How about lunch and dinner?
First opened in 1905, L’Europe is Russia’s oldest continually serving restaurant and a hotspot for those who like to see, to be seen and to eat. Try its signature “Egg in Egg” – a shell filled with truffled scrambled egg topped with caviar – and beef stroganoff made to a recipe passed to the hotel’s kitchen from the Stroganov family, whose baroque palace is just down the street. Make the most of the experience by dining here on Tchaikovsky Night (every Friday evening) when candlelit meals are accompanied by a live chamber orchestra, opera arias and ballet dancers performing Swan Lake’s White Adagio.
There are several less formal – but no less decadent – dining options. Get a taste of Russia in the Caviar Bar & Restaurant, where 15 varieties of the “black gold” are accompanied by 35 vodkas and a range of house-infused liqueurs. The city’s only dedicated vodka sommelier will give you the lowdown on the etiquette and history of each delicacy.
In the glass-roofed Mezzanine Café, take Russian afternoon tea – think: miniature pirozhki and (yet more) caviar – surrounded by an indoor terrace garden. For something altogether different, embark on a culinary romp across the Far East in AZIA.
Is there a bar?
Open 24 hours a day, the hotel’s magnificent art nouveau Lobby Bar is a protected historical and cultural landmark. Park yourself by the green-tiled fireplace and drink in the refrains of live jazz and blues well into the small hours. In the cold Baltic winter, one of the bar’s smoked cocktails goes down especially well.
For all its turn-of-the-century charm, Belmond Grand Hotel Europe has plenty of modern luxuries too. The Health Club is kitted out with state-of-the-art cardiovascular and resistance training machines, a sauna and plunge pool, as well as offering yoga classes. Workout done, head to the Carita Beauty Salon where treatments include massages, manicures and hairdressing. Upmarket boutiques populate the ground-floor shopping gallery, selling fine jewellery, perfumes and the like. The hotel’s homemade chocolates are deliciously rich – as are most things here.
The hotel has one adapted room and all areas of the hotel are wheelchair accessible.
On the hunt for a venue? The Krysha Ballroom designed by Fyodor Lidval would make a sparkling backdrop for celebrations.
Things I should know…
The hotel serves as a launchpad to St Petersburg, whether visiting during the white nights of summer or winter’s white days. In-house experts lead excursions so that you can make the most of the city. Find out how 3,500-year-old Egyptian sphinxes arrived here as part of a walking tour or, between May and October, island hop on a boat trip that threads along the city’s canals.

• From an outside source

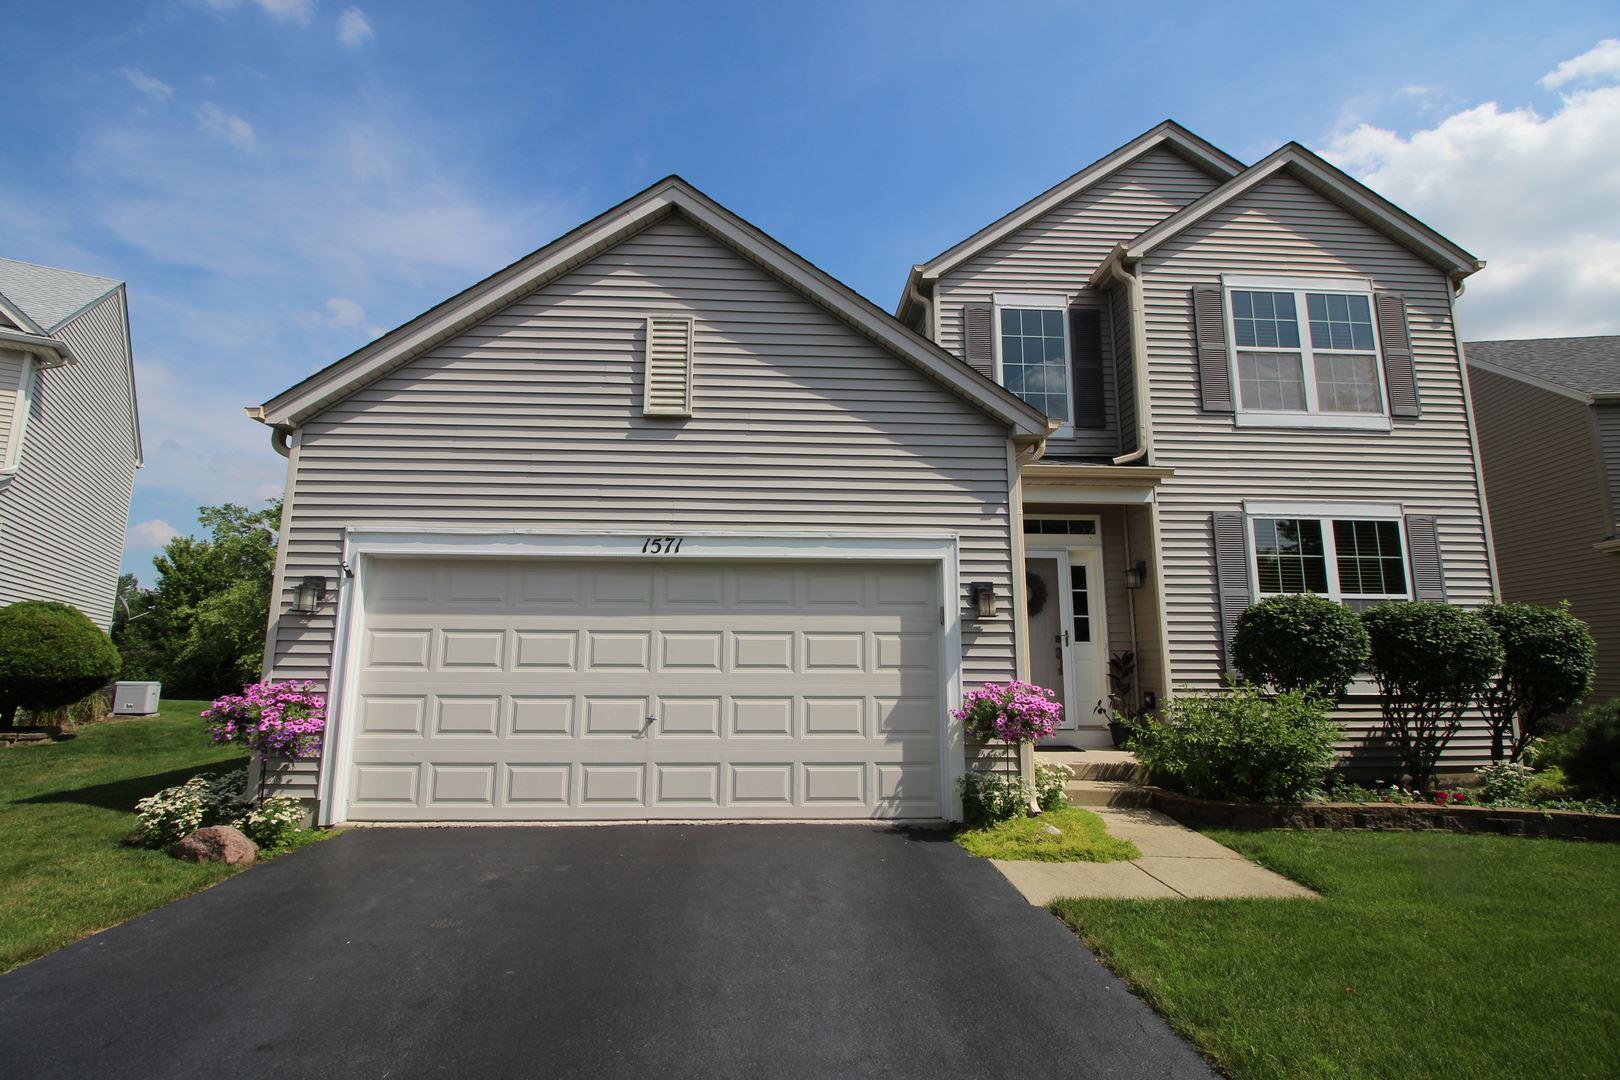 1571 Lavender Drive, Romeoville, IL 60446 - #: 10767220

Come evening, enjoy world-class opera and ballet from Belmond Grand Hotel Europe’s private box at the Mikhailovsky Theatre – they’re the best seats in the house.
Within a short walk I can find…
The hotel sits on St Petersburg’s main artery, Nevsky Prospect, on which shops and restaurants rub shoulders with ornate churches and awe-inspiring palaces. The Winter Palace and the Hermitage Museum, the State Russian Museum and the Church of the Savior on Blood are all within a pleasant stroll.
Built on swampland, St Petersburg – the “Venice of the North” – runs on a network of canals crossed by 342 bridges. As part of a Disneyland-esque spectacle, nine of the bridges are raised each night around midnight to let ships pass. It’s well worth skipping a little shut-eye and taking the 15-minute drive to Alexander Nevsky Bridge to watch.